In ARDS rats, miR-9 expression decreased, but RUNX1 expression increased in the pulmonary tissue of ARDS rats. miR-9 displayed to attenuate lung injury and pulmonary wet/dry ratio. Study results in vivo demonstrated that miR-9 ameliorated alveolar hypercoagulation and fibrinolysis inhibition and attenuated the collagen III expressions in tissue. miR-9 also inhibited NF-κB signaling pathway activation in ARDS. In LPS-induced AECII, the expression changes of both miR-9 and RUNX1 were similar to those in pulmonary tissue in the animal ARDS model. miR-9 effectively inhabited tissue factor (TF), plasma activator inhibitor (PAI-1) expressions, and NF-κB activation in LPS-treated ACEII cells. Besides, miR-9 directly targeted RUNX1, inhibiting TF and PAI-1 expression and attenuating NF-κB activation in LPS-treated AECII cells. Clinically, we preliminarily found that the expression of miR-9 was significantly reduced in ARDS patients compared to non-ARDS patients.

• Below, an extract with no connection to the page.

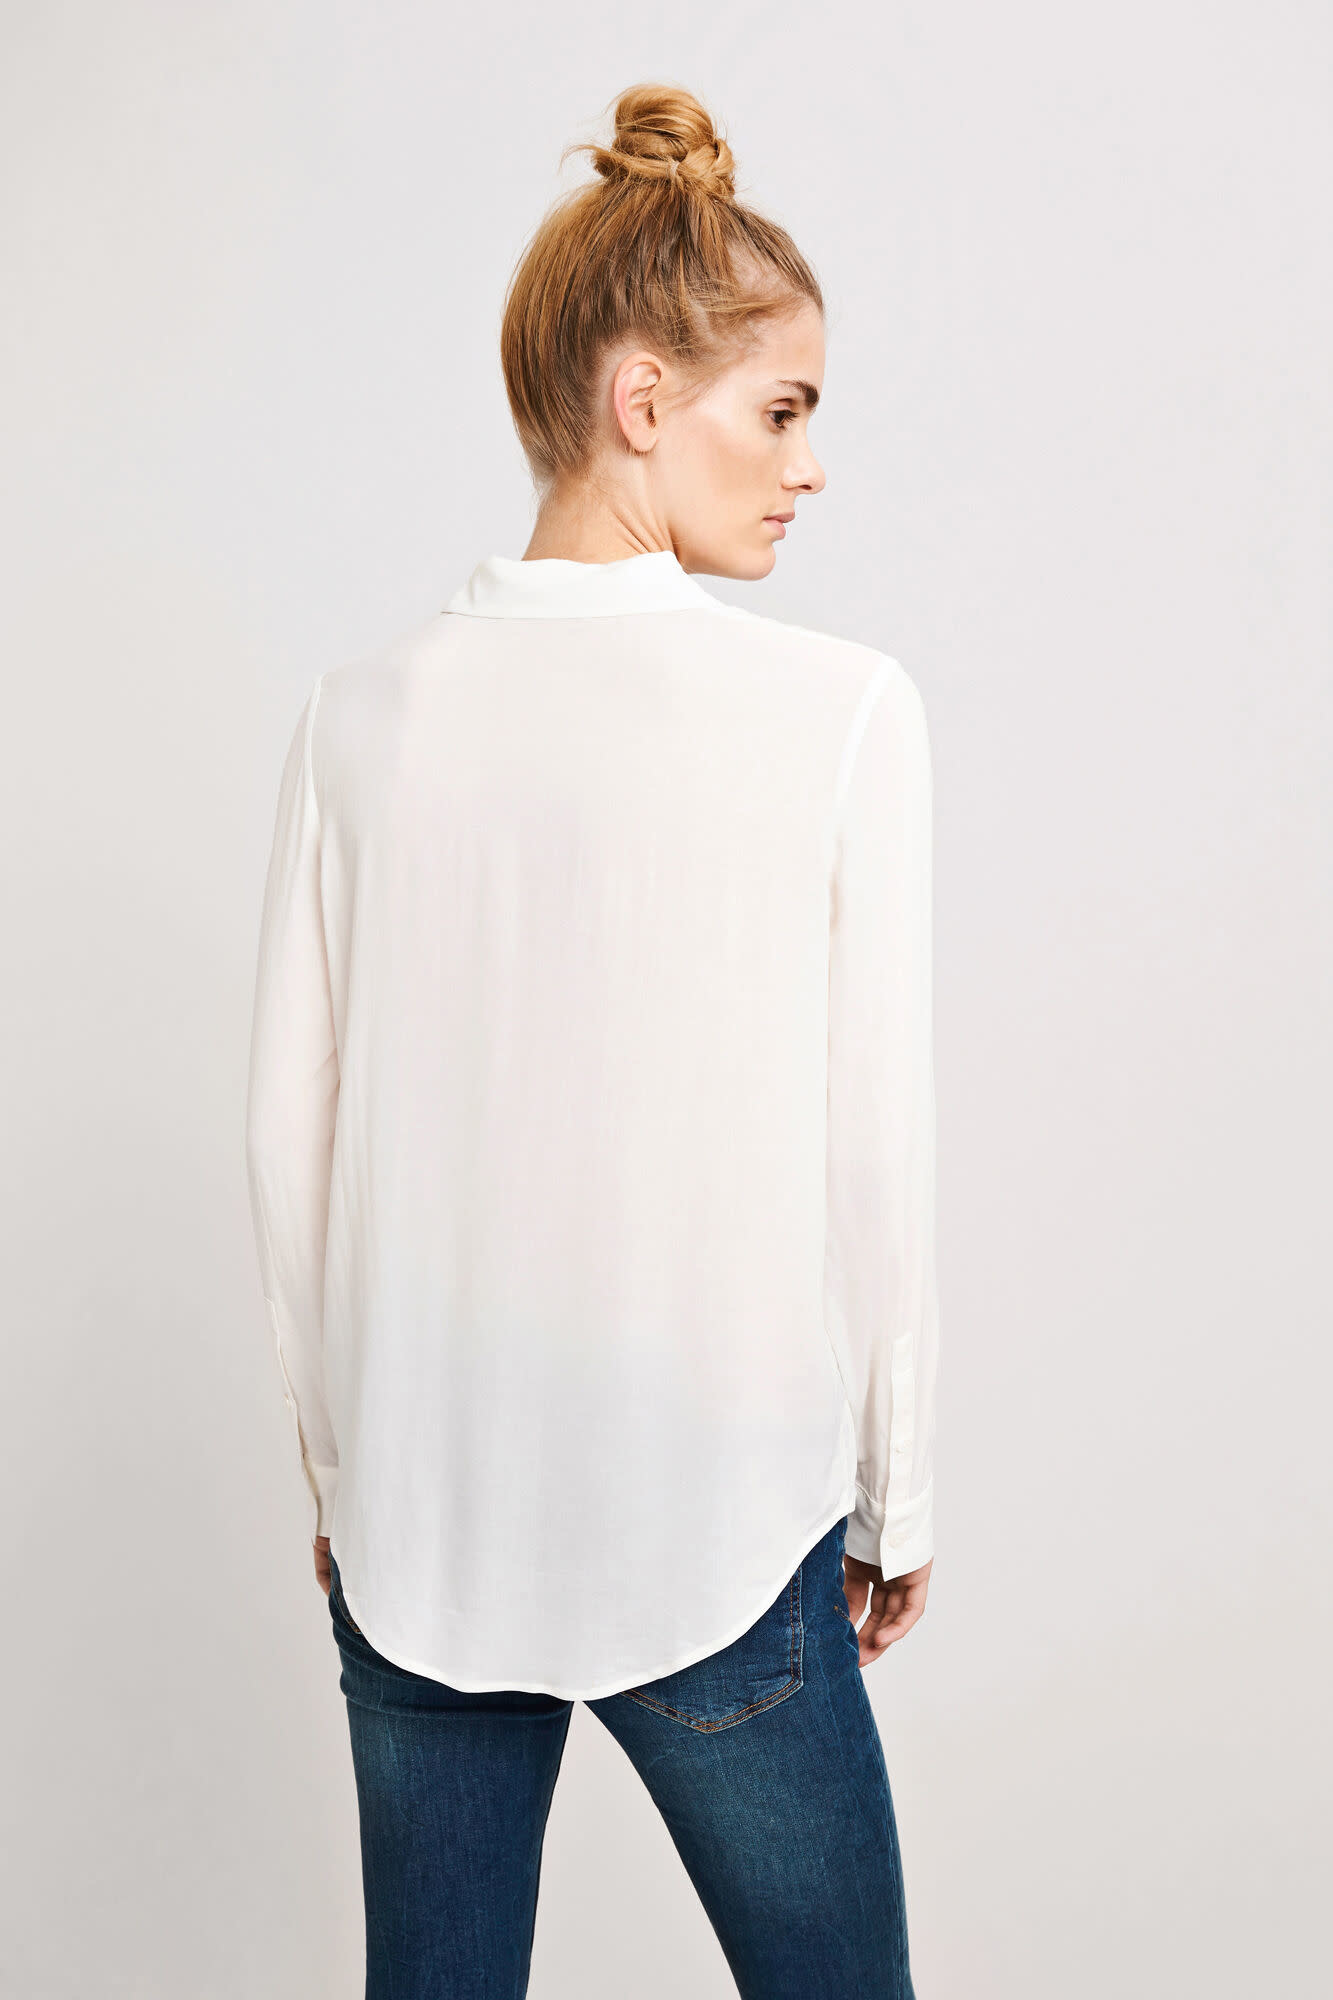 milly np shirt samsoe samsoe-4

Our experimental data indicate that by directly targeting RUNX1, miR-9 improves alveolar hypercoagulation and fibrinolysis inhibition via suppressing NF-κB pathway activation in LPS-induced rat ARDS, implying that miR-9/RUNX1 is expected to be a new therapeutic target for ARDS treatment.
急性呼吸窘迫综合征(ARDS)是一种具有高死亡率的临床和病理生理复杂综合征。肺泡过度凝血和纤维蛋白溶解抑制构成了 ARDS 病理生理学的核心部分。miR-9(miRNA-9a-5p)在 ARDS 的发病机制中发挥着重要作用,但它是否调节 ARDS 中的肺泡促凝血和纤维蛋白溶解抑制仍有待阐明。我们旨在确定 miR-9 在 ARDS 中的肺泡过度凝血和纤维蛋白溶解抑制中的作用。

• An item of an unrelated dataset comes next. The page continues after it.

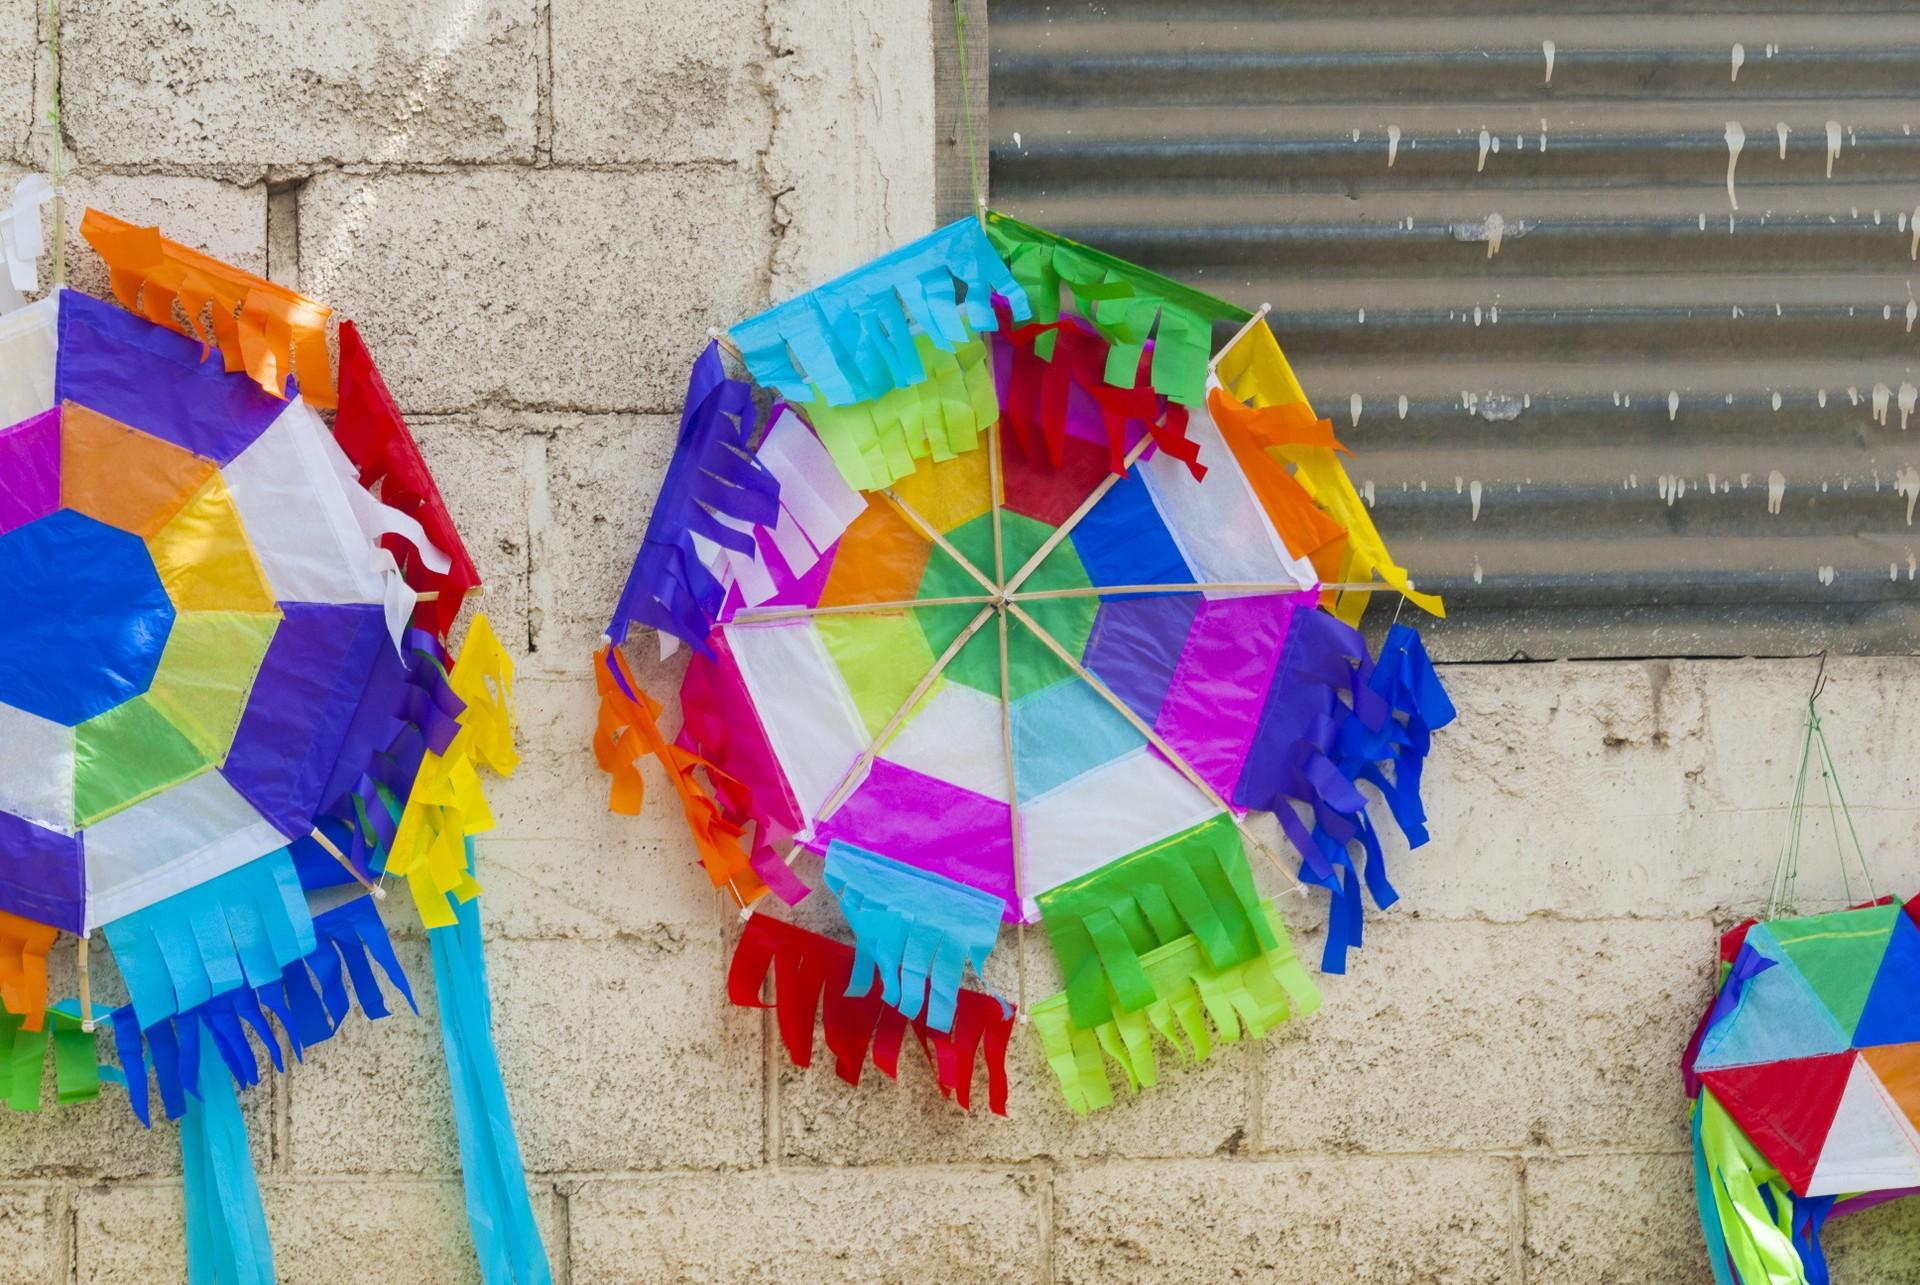 Kites lining the walls in Guatemala

在 ARDS 动物模型中,我们首先观察了肺组织中 miR-9 和 runt 相关转录因子 1(RUNX1)的表达,miR-9 对 ARDS 大鼠肺泡过度凝血和纤维蛋白溶解抑制的影响,以及 miR-9 对急性肺损伤的疗效。在细胞中,用 LPS 处理肺泡上皮细胞 II 型(AECII),并检测 miR-9 和 RUNX1 的水平。然后,我们观察了 miR-9 对促凝血和纤维蛋白溶解抑制剂因子的影响。最后,我们探讨了 miR-9 的疗效是否与 RUNX1 相关;我们还初步检测了 ARDS 患者血浆中的 miR-9 和 RUNX1 水平。
在 ARDS 大鼠中,miR-9 的表达减少,而 RUNX1 的表达在 ARDS 大鼠的肺组织中增加。miR-9 表现出减轻肺损伤和肺湿/干比的作用。体内研究结果表明,miR-9 改善了肺泡过度凝血和纤维蛋白溶解抑制,并减轻了组织中的胶原 III 表达。miR-9 还抑制了 NF-κB 信号通路的激活。在 LPS 诱导的 AECII 中,miR-9 和 RUNX1 的表达变化与动物 ARDS 模型中的肺组织相似。miR-9 有效地抑制了组织因子(TF)、血浆激活物抑制剂(PAI-1)的表达和 LPS 处理 ACEII 细胞中的 NF-κB 激活。此外,miR-9 直接靶向 RUNX1,抑制 LPS 处理的 AECII 细胞中的 TF 和 PAI-1 表达,并减轻 NF-κB 的激活。临床上,我们初步发现,与非 ARDS 患者相比,ARDS 患者的 miR-9 表达明显降低。
我们的实验数据表明,通过直接靶向 RUNX1,miR-9 通过抑制 LPS 诱导的大鼠 ARDS 中 NF-κB 通路的激活,改善肺泡过度凝血和纤维蛋白溶解抑制,这意味着 miR-9/RUNX1 有望成为 ARDS 治疗的新靶点。